La afición de Club de Fútbol Monterrey, conocida como Los Rayados, se distingue por su profundo compromiso y su vibrante cultura de apoyo. Cada partido en el Estadio BBVA es una celebración que va más allá de los noventa minutos de juego. Los rituales y tradiciones de los seguidores son una parte integral de esta experiencia, especialmente durante el Clásico Regio contra C.F. Tigres UANL, donde la rivalidad se vive intensamente.

Desde horas antes del inicio del partido, el ambiente en los alrededores del estadio se transforma. Los hinchas se agrupan en las calles, creando un mar de camisetas rayadas, banderas y cánticos. Las peñas y grupos de apoyo, como la Banda de la Afición Rayada, se aseguran de que la energía esté siempre en su punto máximo. Con cada canto y cada tambor, se establece un vínculo entre los aficionados y el equipo, donde la pasión se siente palpable.

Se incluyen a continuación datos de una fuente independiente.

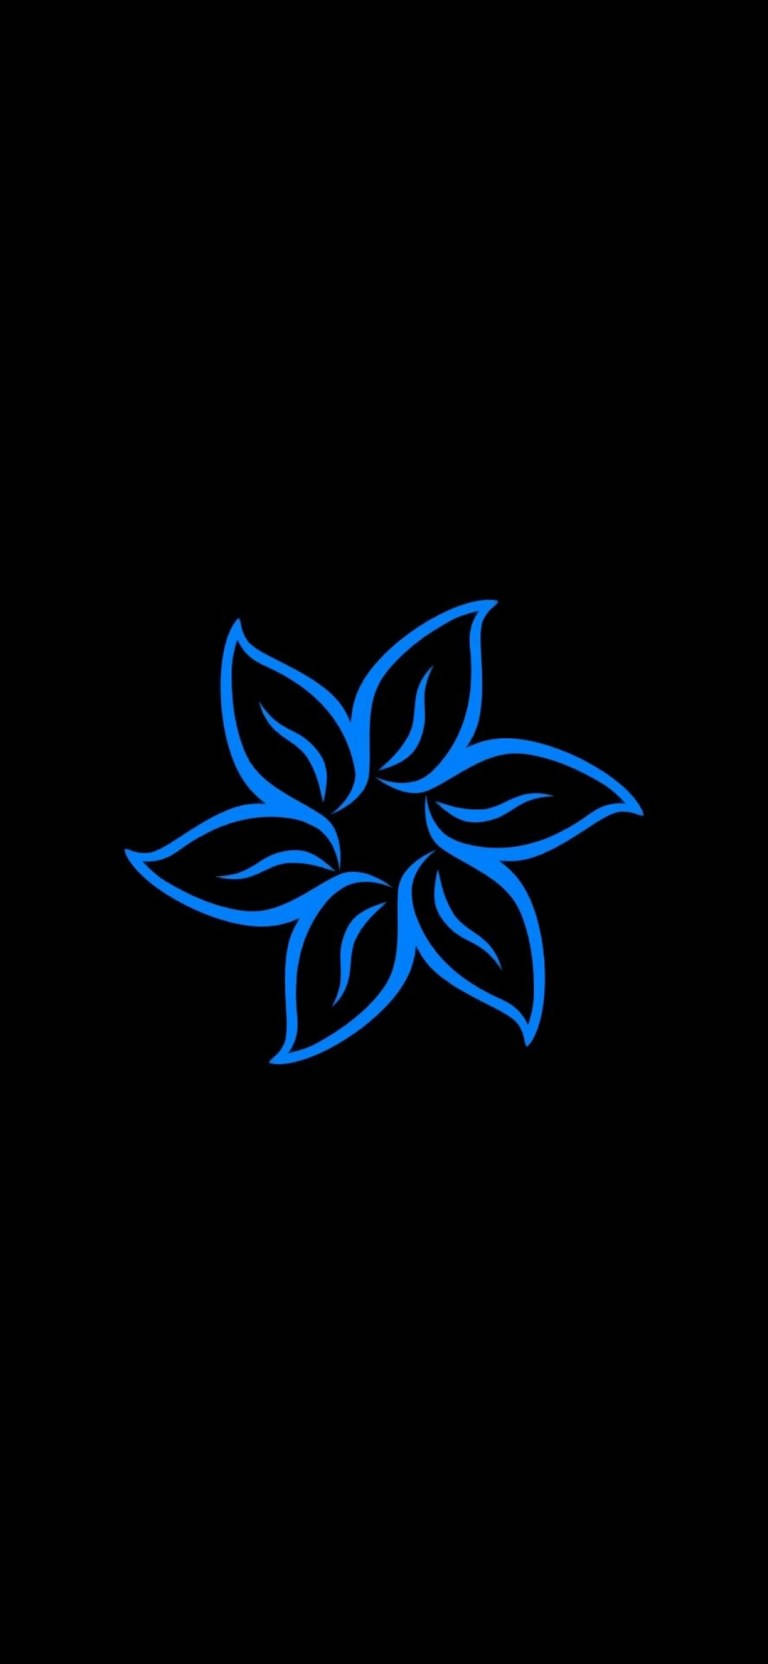 Stunning Blue Flower Oled Display Aesthetic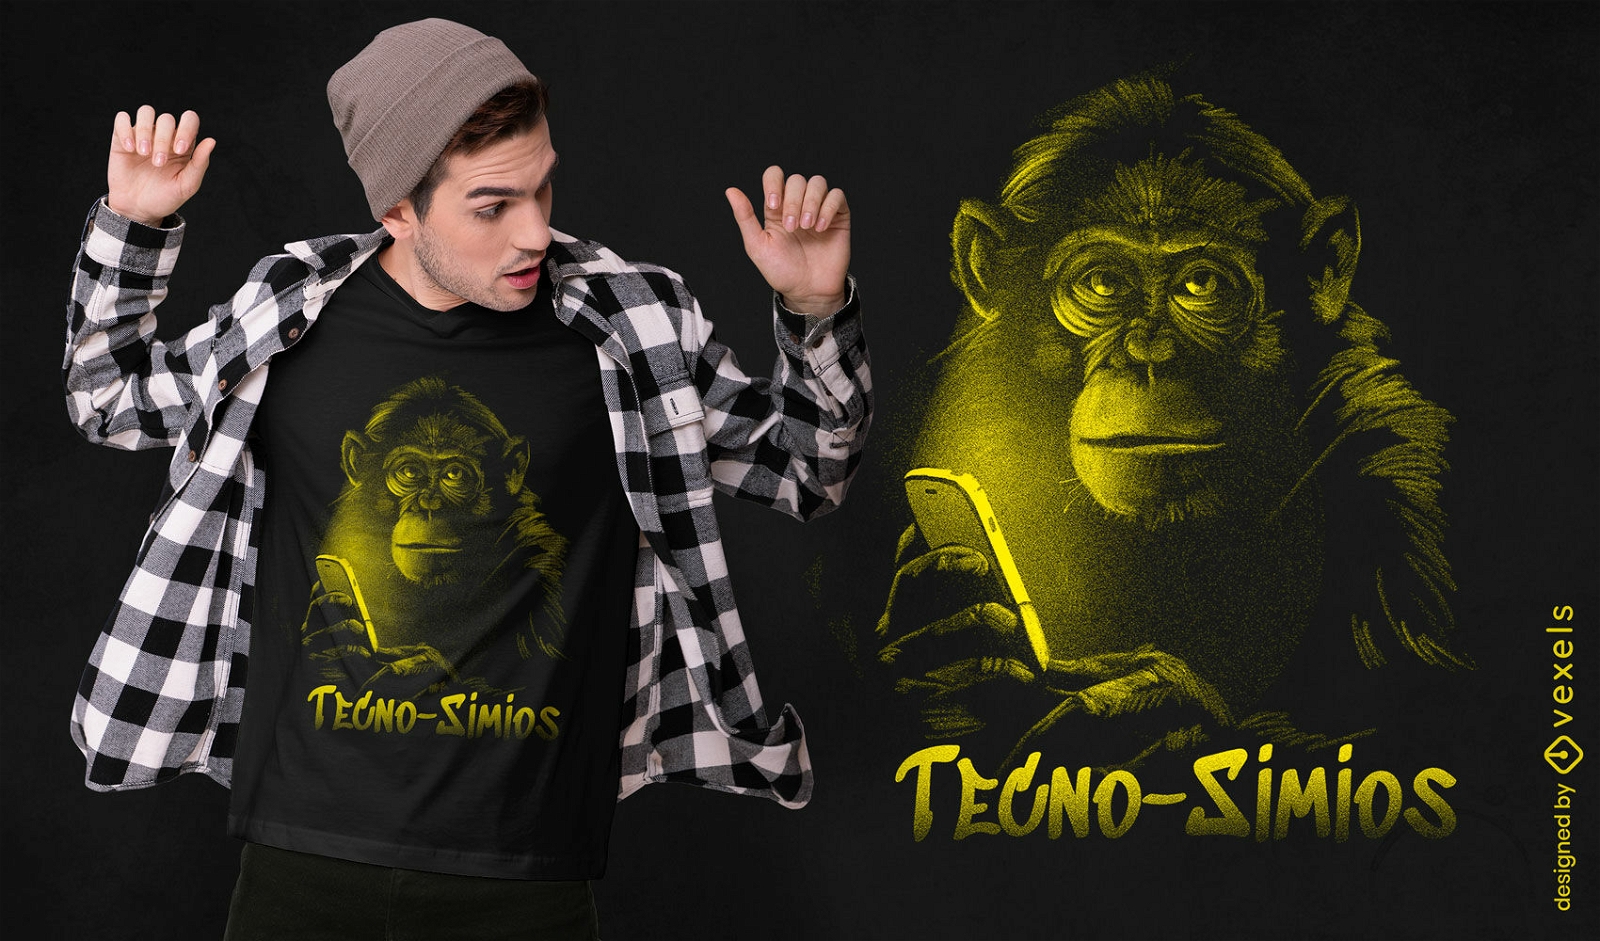 Tecno simios monkey t-shirt design

Uno de los rituales más emblemáticos es el famoso "¡Rayados! ¡Rayados!" que resuena en el Estadio BBVA. Este grito de guerra no solo anima a los jugadores, sino que también une a todos los presentes en una sola voz. Durante el Clásico, este grito se intensifica, convirtiéndose en un eco que retumba en todo el estadio. La coreografía de los hinchas, que acompaña a sus cánticos, es un espectáculo en sí mismo, con movimientos sincronizados que refuerzan el sentido de comunidad.

En los momentos previos al inicio del partido, se lleva a cabo la "Pasión Rayada", un ritual donde los seguidores encienden bengalas y levantan sus escudos en señal de apoyo incondicional. Esta visualización de colores y luces no solo es impresionante, sino que también actúa como un recordatorio de la historia y la identidad del club. La atmósfera se vuelve eléctrica, y los jugadores sienten esa energía mientras entran al campo.

El día del Clásico también es una oportunidad para que los aficionados se vistan con sus mejores galas. Las camisetas personalizadas, los bufandas y los accesorios en colores azul y blanco son solo una parte de la preparación. Muchos seguidores se reúnen en casas o bares para compartir anécdotas, preparar alimentos típicos y, sobre todo, disfrutar de la compañía de otros aficionados, creando un sentido de familia que se extiende más allá del estadio.

Cuando el árbitro pita el inicio del partido, la atmósfera alcanza un clímax. La emoción y la tensión son palpables, y cada jugada se celebra o se lamenta en conjunto. La capacidad de la afición para influir en el curso del juego es innegable; el Estadio BBVA se convierte en un verdadero fortín donde el apoyo local puede marcar la diferencia.

Así, el Clásico Regio no solo es un choque entre equipos, sino una exhibición del fervor de dos culturas futbolísticas distintas, cada una con sus propias tradiciones y rituales. Los Rayados y su afición saben cómo hacer que cada partido sea una experiencia inolvidable, y es esta pasión la que convierte al Clásico en uno de los encuentros más esperados de la Liga MX.